Last night, at a typically contentious Douglas County School Board meeting, union tool board member David Ray, who ousted a pro-school choice member in 2015, offended taxpayers and parents everywhere. In explaining his viewpoint on essentially why school districts should not be accountable to taxpayers, Ray said:

“Something I’m really struggling with is there seems to this mind shift where we have, we think PPR (Per Pupil Revenue), that I own that. That the PPR that goes to funding a school, that’s my PPR, and if I go to a different school I’m taking my PPR with me. And I couldn’t disagree with that more.

“PPR is my taxes too. I help pay for your kids go to Douglas County schools, even though I don’t have kids in the school system. So to have the mentality that PPR is owned by the individual, and that is should go into an account, like a saving account that can be deposited and withdrawn is really absurd to me.

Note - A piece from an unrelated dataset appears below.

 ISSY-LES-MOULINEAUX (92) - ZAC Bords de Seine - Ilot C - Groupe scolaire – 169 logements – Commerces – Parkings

It goes against everything that I believe in terms of why we pay taxes into the public school system.

So my opposition is really this mentality that I see growing which assumes that parents own the taxes or people own the taxes that they contribute for these social causes like schools, libraries and fire departments and police department. I would never think about well I want my share of my money that I spent on the police department because I’m going to hire a private security detail because I don’t want the police department protecting me.

“And that’s the mentality shift I see in these couple bills that I think is tragic, is we’re getting into this mindset of ‘It’s all about me. It’s about my money,’ as opposed to looking at what the intent of taxes and PPR are intended to do, and that’s finance education for all kids, not just the individual. So I’m opposed to this as well.”

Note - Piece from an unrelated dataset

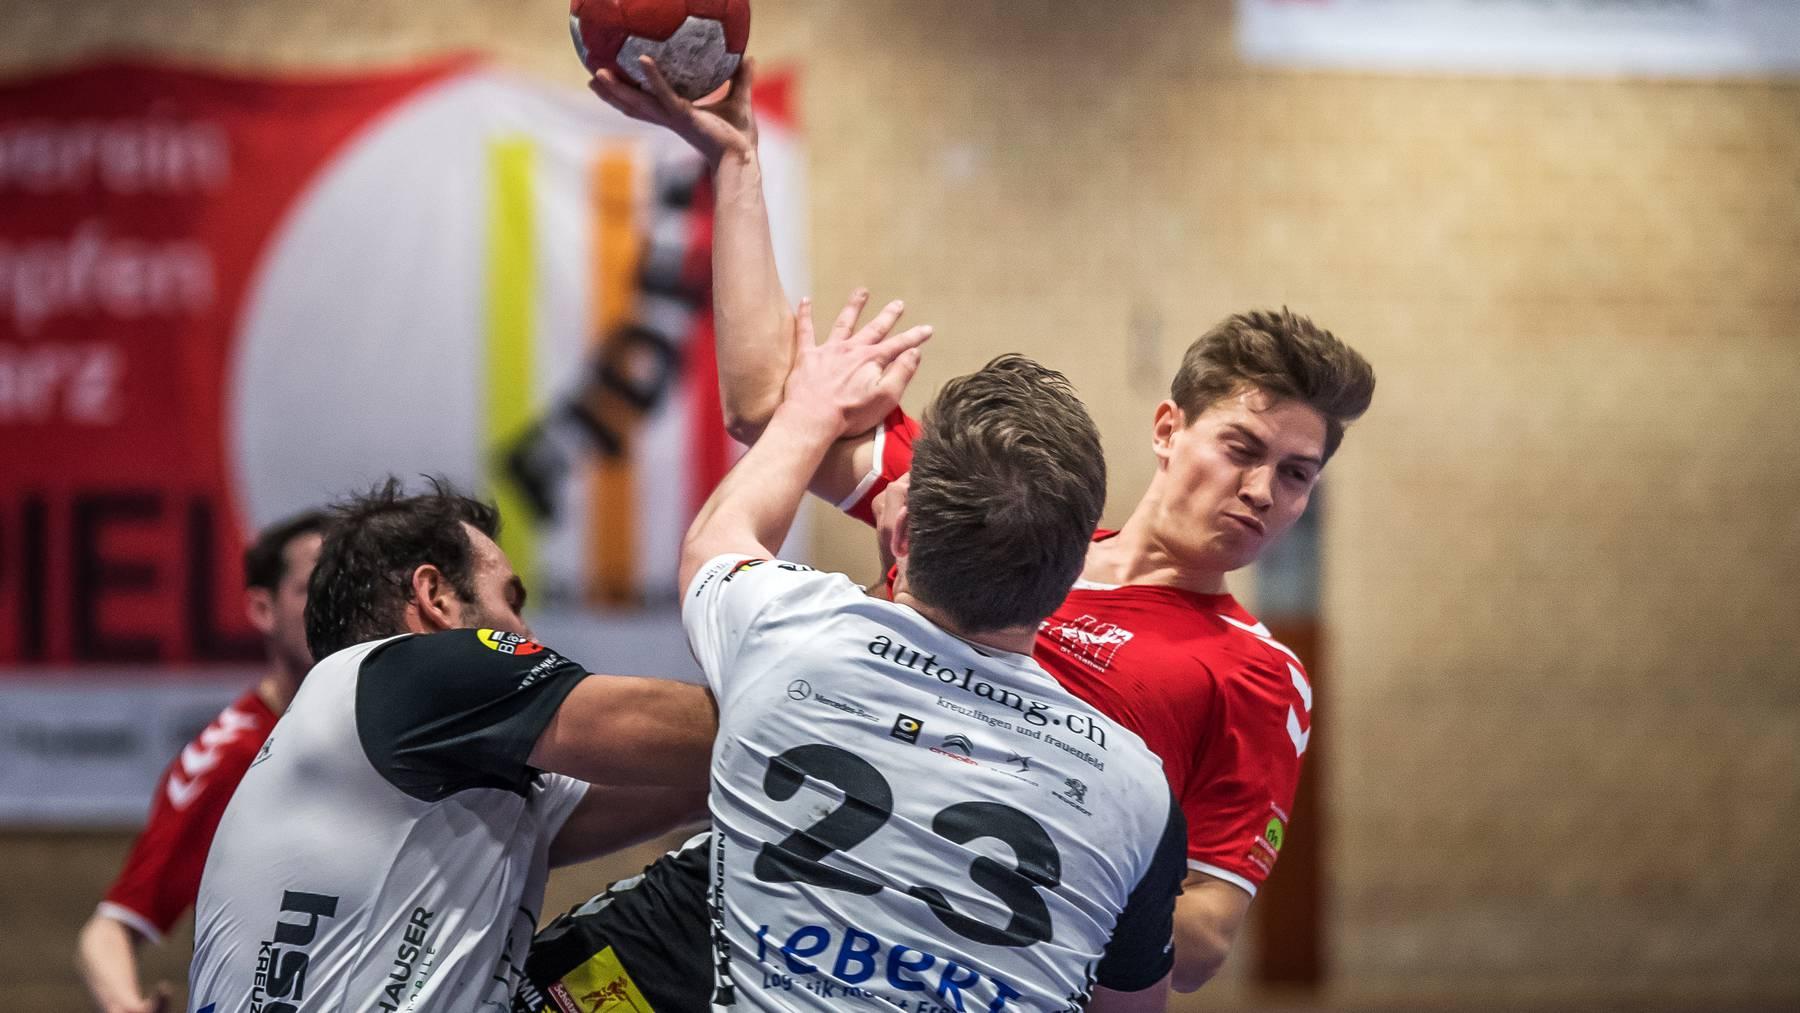 Der SV Fides (in Rot) im Jahr 2019, als Handball noch ohne Einschränkungen gespielt werden konnte.

Newsflash to Ray, actually “per pupil funding” is meant to pay for the approximate cost to educate an individual student. That’s why it’s called “per pupil” and that’s why schools count the number of children who attend their schools. In fact, what he is describing is called “backpack funding” where the dollars are actually attached to the individual child. The point of these funding approaches is to give parents choices in their child’s education – kids can take their funding over to charter schools, if they choose. But that’s not what Ray wants.

Ray’s diatribe here is really about undermining school choice and parental options.  Ray, backed by the deceptively named Douglas County Parents (who only serve to agitate in Douglas County), is the same director who is refusing to build more charter schools in Douglas County until a study (that he commissioned) can be completed to determine how charter schools are impacting neighborhood schools. This is the education equivalent of an environmentalist’s “environmental impact study” meant to muck up and slow down approvals process.

Unfortunately for Douglas County students, Ray is completely blind to the fact that there are literally thousands of kids on wait lists to get in to charter schools across the county – and probably hundreds of thousands across the United States, if not more. Why does Ray’s “struggle” outweigh kids’ opportunity to get the education that best meets their needs?

It doesn’t. Douglas County parents should be outraged.